Paul Ackford
- Born: 26 February 1958 (age 67) Hanover, West Germany
- Height: 1.98 m (6 ft 6 in)
- Weight: 112 kg (247 lb)

Rugby union career
- Position: Lock

International career
- Years: Team / Apps / (Points)
- 1988-1991: England / 25 / (4)

= Paul Ackford =

English rugby union player

Paul Ackford (born 26 February 1958) is an English former rugby union international who played lock forward. He was formerly an inspector in the Metropolitan Police and a columnist for The Telegraph.

==Early life==
Ackford was born in Hanover, West Germany.

==Education==
Ackford was educated at Plymouth College, the University of Kent (BA) and Cambridge University (MA). He played lock for England B aged 21 and represented Cambridge in the 1979 Varsity Match, but did not make an impact until joining Harlequins and the Police in 1983.

==Rugby career==
After impressing for the London Division against the touring Wallabies, Ackford made his England debut on 5 November 1988 against Australia, aged 30.
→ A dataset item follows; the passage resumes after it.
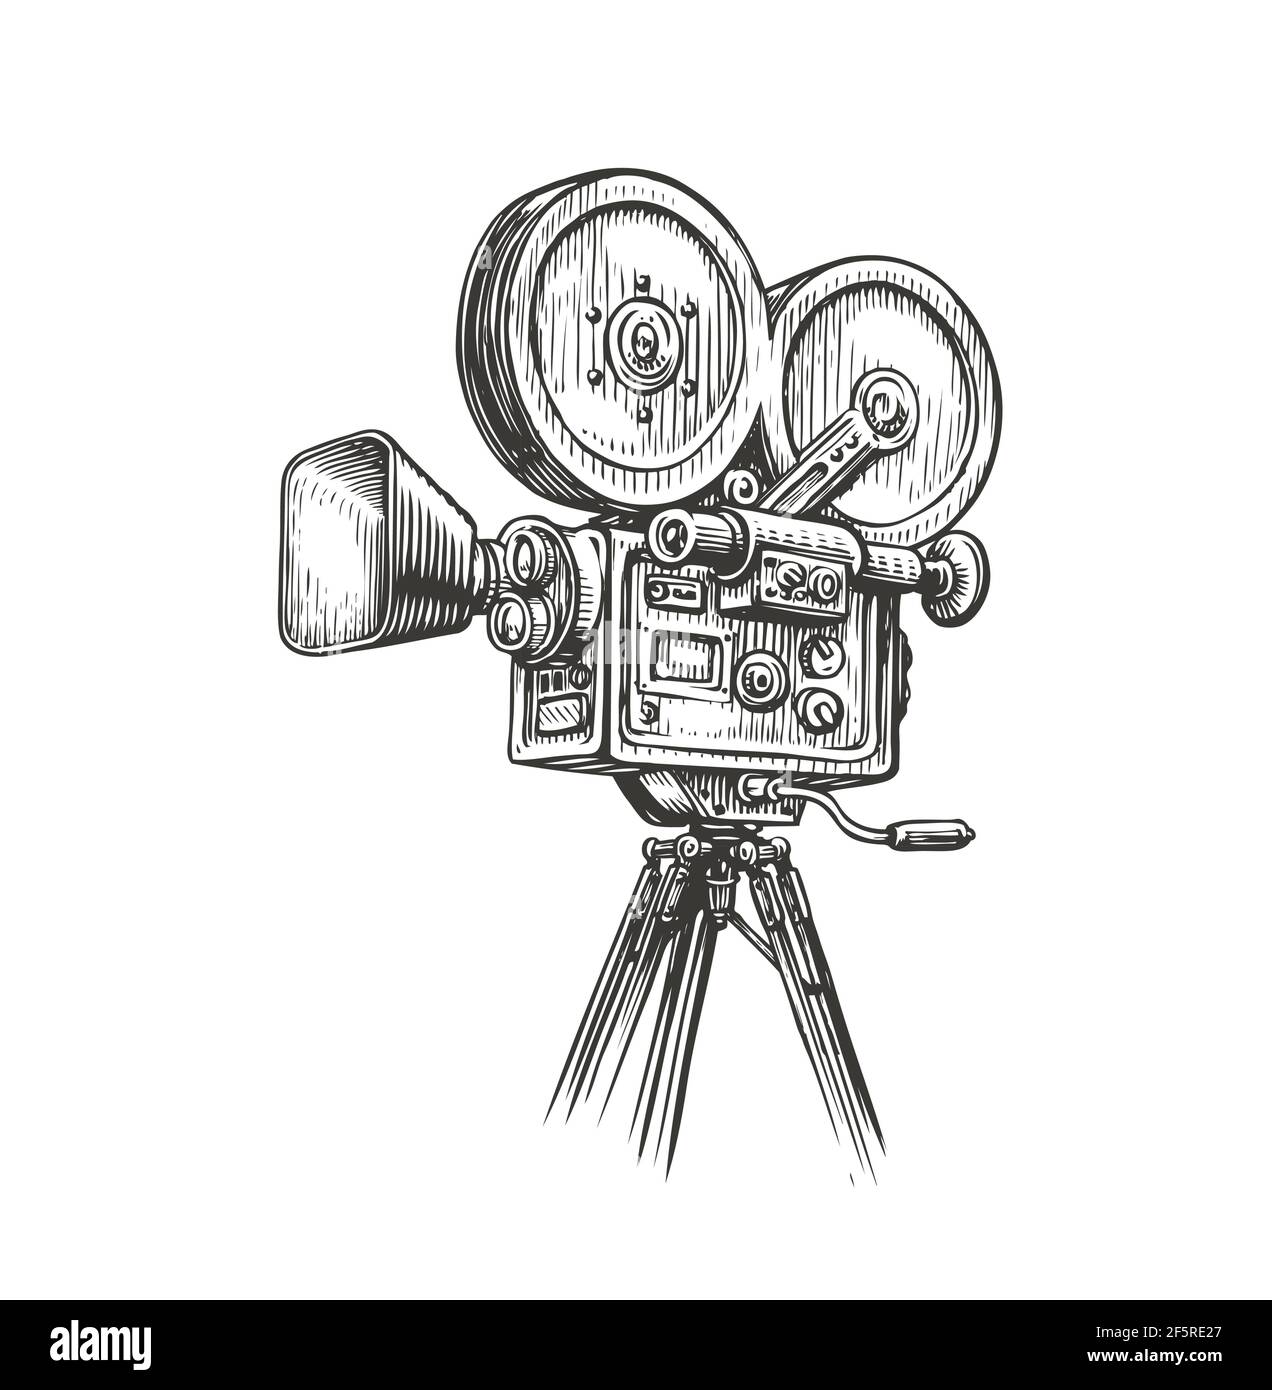 Esquisse d'une caméra de cinéma à l'ancienne. Illustration vectorielle vintage du concept de production vidéo Illustration de Vecteur

Partnering police constable Wade Dooley, Ackford became an important part of the new side captained by Will Carling. He went on the 1989 Lions Tour to Australia, where he played in all three tests.

In 1990 he was knocked unconscious when blindsided by the young Argentine front row forward Federico Mendez, which saw Mendez sent off. Mendez later claimed it was a case of mistaken identity, and that he had meant to hit Jeff Probyn, because he had "stamped on my goolies". Ackford was part of the England side that won the Five Nations Grand Slam in 1991.

==Post-rugby career==
Ackford retired from international rugby after the 1991 World Cup, won by Australia, becoming a journalist and writing for the Sunday Telegraph.